All We Got Is Each Other is directly written for one person, the band’s late friend and her struggle with mental illness in the face of a world embittered, or just confused by it: so much so is this record consumed with the story that every moment circles around to the train she wasn’t allowed on or the friends with nothing- and annoyingly, everything- to say. If it’s angry, though, it’s good; this is heartfelt anger that never forgets what for, knowing a life is worth celebrating in the here and now, and affecting beyond the band’s experience for that realisation. I guess, in a way, beauty exists in this album much in the same way it does in
Valtari: it’s all way, way too much to handle, so here’s the climax, or the words, or whatever speaks for the rough patch.

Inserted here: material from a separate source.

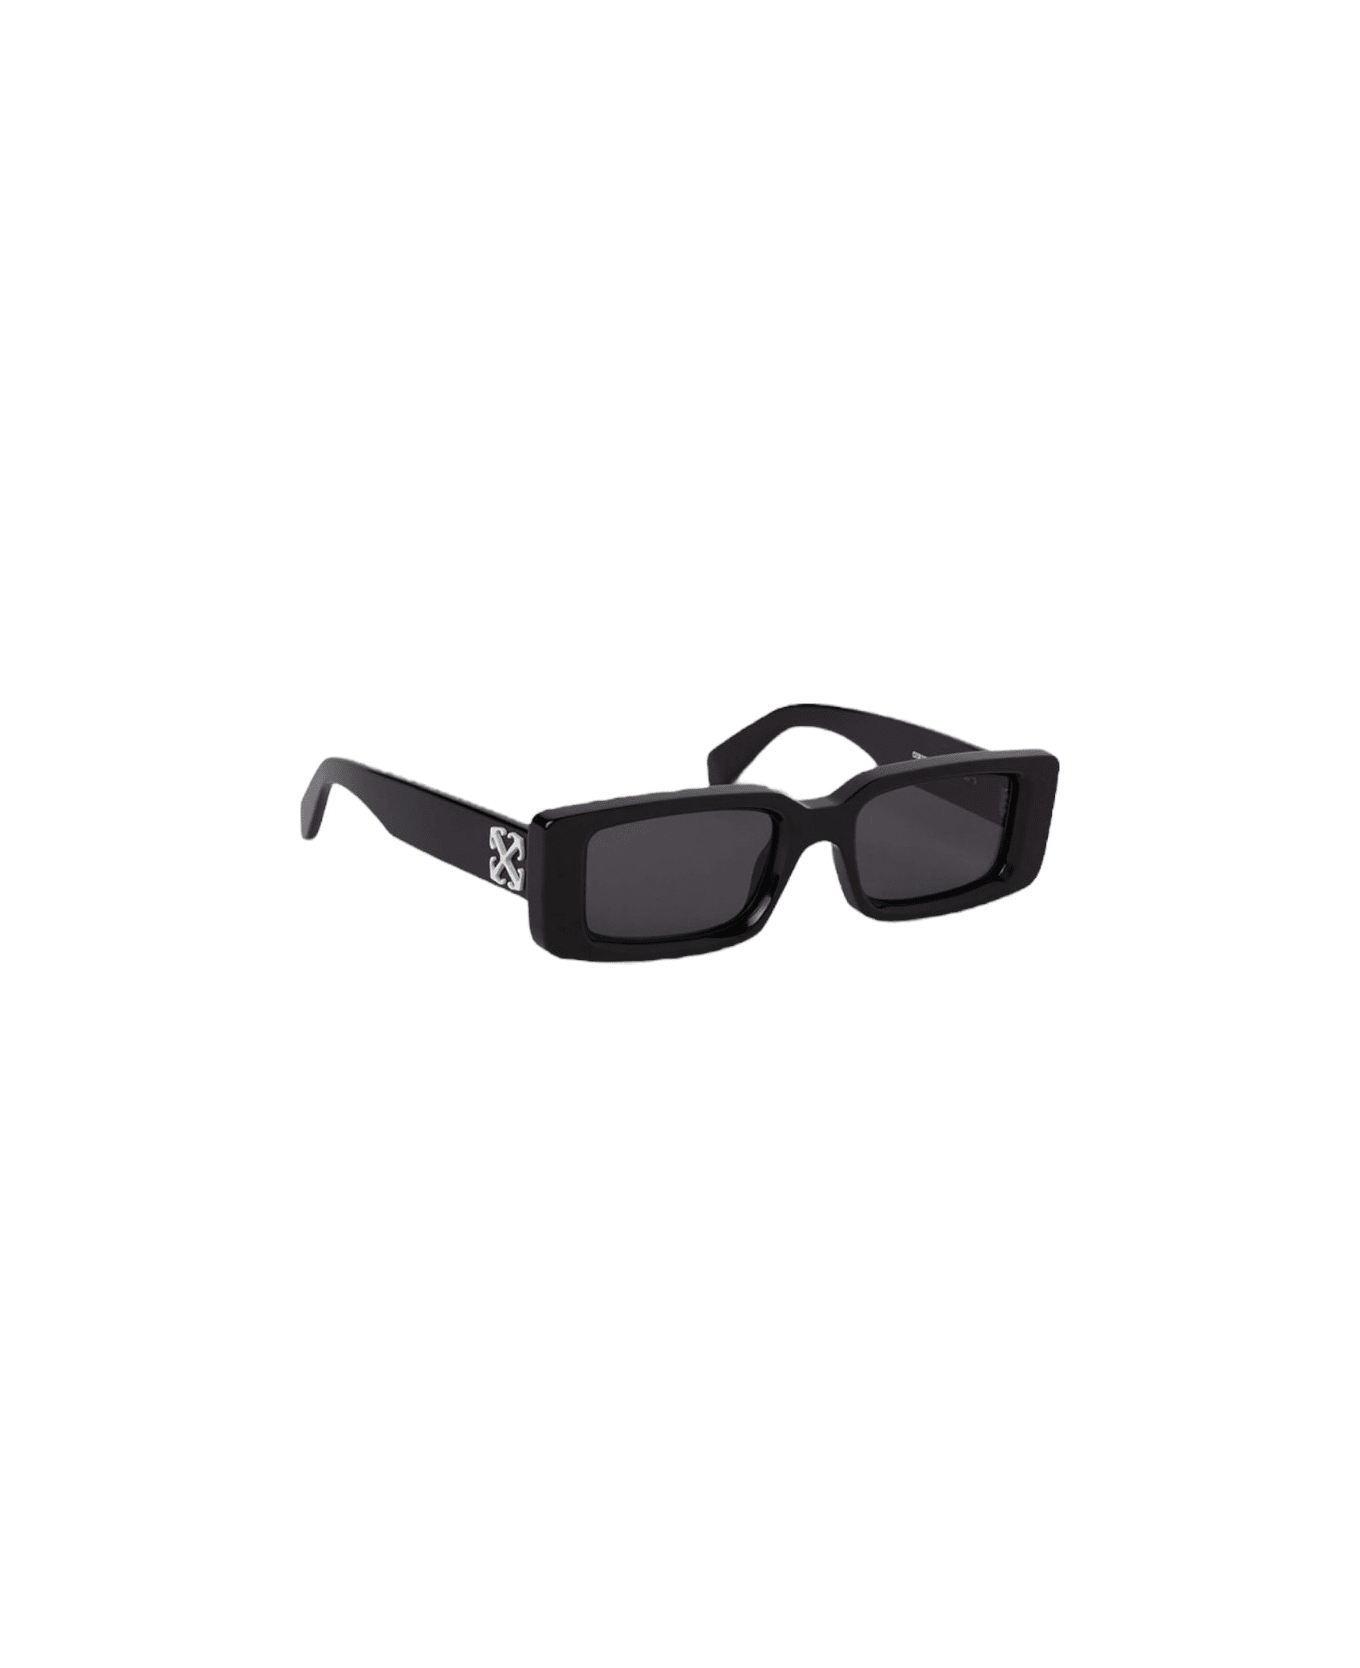 Off-White Arthur - Oeri127 Sunglasses

And it really is true that
All We Got Is Each Other never forgets what (and who) the words were for. The memory of a friend is inflected so heavily on
All We Got Is Each Other that the point on which Ghost Mice choose to end is quite literally by her side. The cover of her band, Peanucle puts a lot of emphasis on the record’s message, but this time it isn’t a damning criticism of people who didn’t do enough; instead, it’s an immensely touching goodbye, insanely reflective of how this genre is, or, beyond that, just how this bunch of people choose to seek community. The tribute is turned into a large vocal chant, and looks to friendship in the face of a world we’re constantly reminded on this record is screwed up: “all we got is each other / all punks got is each other” are lines sung to cling to the best friend it was written for, and celebrate her beyond the frustration vented throughout the record’s story.
There’s so little to tell of these songs beyond the chords played and the stories that so defiantly speak for themselves. It’s one of
those records, an emphatic one like Ghost Mice will always make, and one that needn’t be constructed out of song-writing when life stares you in the face like this. I can’t explain why words always seem to hit the hardest in music, but it’s the lyrical artists I trail back to; back to the heavy-hearted and boozy Craig Finn, to the wishful and elegant John K. Samson, to anyone who can take a conversation with themselves and make you join in. Because then there’s Chris Calvin and Ghost Mice amidst all this, and their dialogue is as closed as any;
All We Got Is Eachother doesn’t concern us. Until its final moment it remains a startlingly private piece of music. And yet we follow this story to its conclusion, and in this plain and simple storytelling it hits harder than anything. It’s all down to words, even when they’re too lousy to really help. On “How It Sounds,” Calvin and Jones damn words to hell: “they’ll keep talking to there’s no words left.” But they never stop singing.